← Back to context

Comment by simonw

6 days ago

I've never heard of Ghidra before but, in case you're interested, I ran that prompt through OpenAI's o3 and Anthropic's Claude Opus 4 for you just now (both of them the latest/greatest models from those vendors and new as of less than six months ago) - results here: https://chatgpt.com/share/683e3e38-cfd0-8006-9e49-2aa799dac4... and https://claude.ai/share/7a076ca1-0dee-4b32-9c82-8a5fd3beb967

I have no way of evaluating these myself so they might just be garbage slop.

The first one doesn't seem to actually give me the script, so I can't test it.
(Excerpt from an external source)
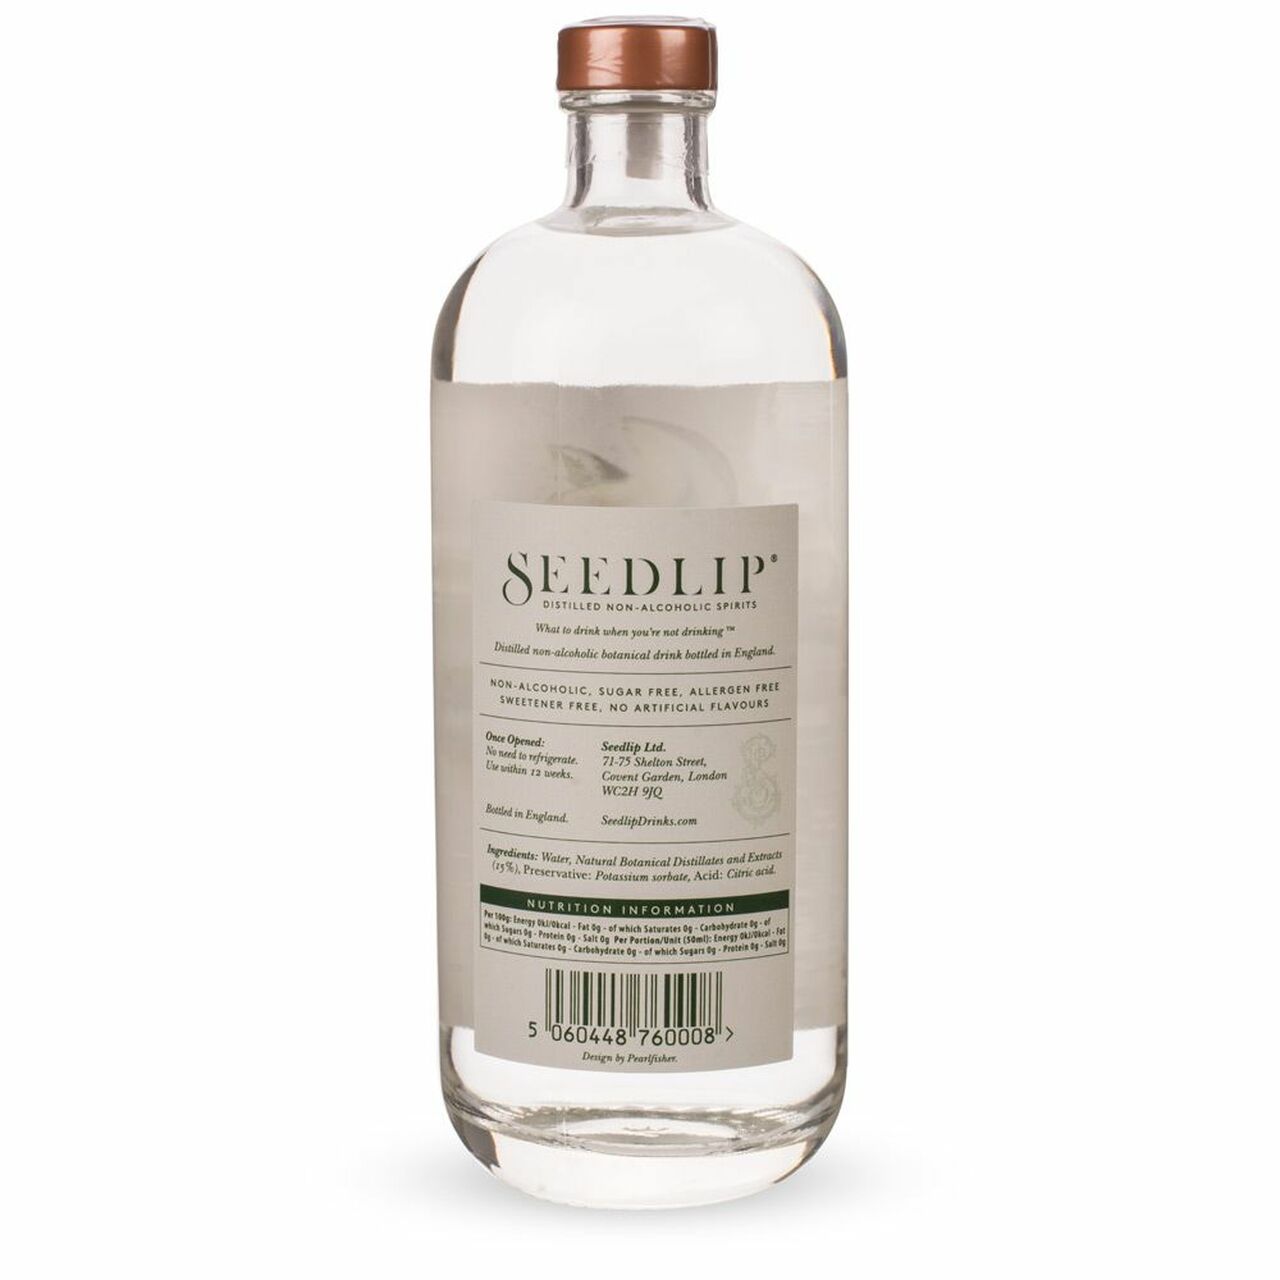 Seedlip Spice 94 Non-Alcoholic Spirit 700 ml

The second one didn't work for me without some code modification (specifically, the "count code blocks" didn't work), but the results were... not impressive.

It starts by ignoring every function that begins with "FUN_" on the basis that it's "# Skip compiler-generated functions (optional)". Sorry, but those functions aren't compiler-generated functions, they're functions that lack any symbol names, which in ghidra terms, is pretty damn common if you're reverse engineering unsymbolized code. If anything, it's the opposite of what you would want, because the named functions are the ones I've already looked at and thus give less of a guideline for interesting ones to look into next.
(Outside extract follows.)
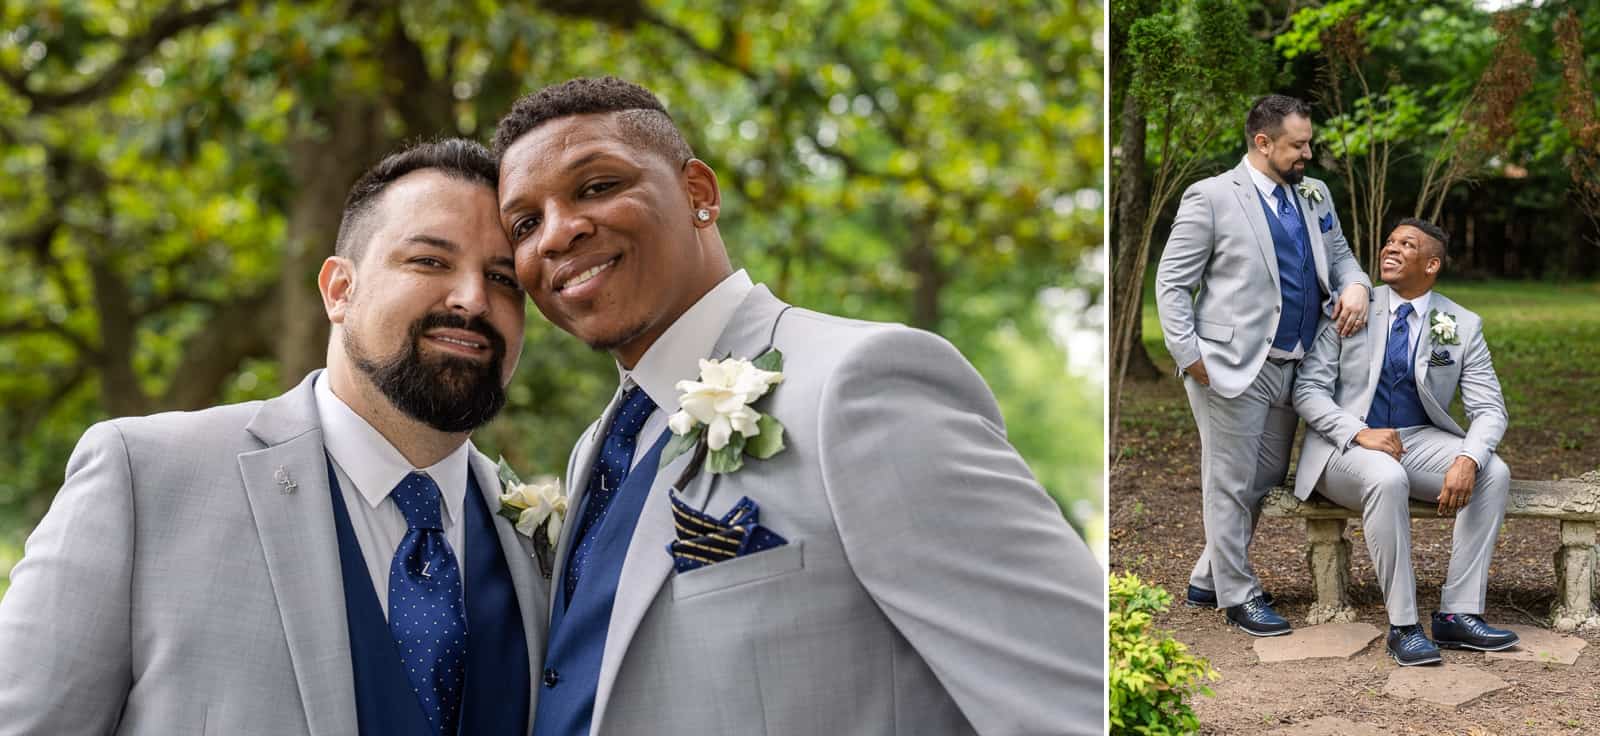 Male same-sex couple portraits

Looking at the results at a project I had open, it's supposed to be skipping external functions, but virtually all the top xrefs are external functions.

Finally, as a "moderately complex" script... it's not a good example. The only thing that approaches that complexity is trying to count basic blocks in a function--something that actually engages with the code model of Ghidra--but that part is broken, and I don't know Ghidra well enough to fix it. Something that would be more along the lines of "moderately complex" to me would be (to use a use case I actually have right now) for example turning the constant into a reference to that offset in the assumed data segment. Or finding all the switch statements that ghidra failed to decompile!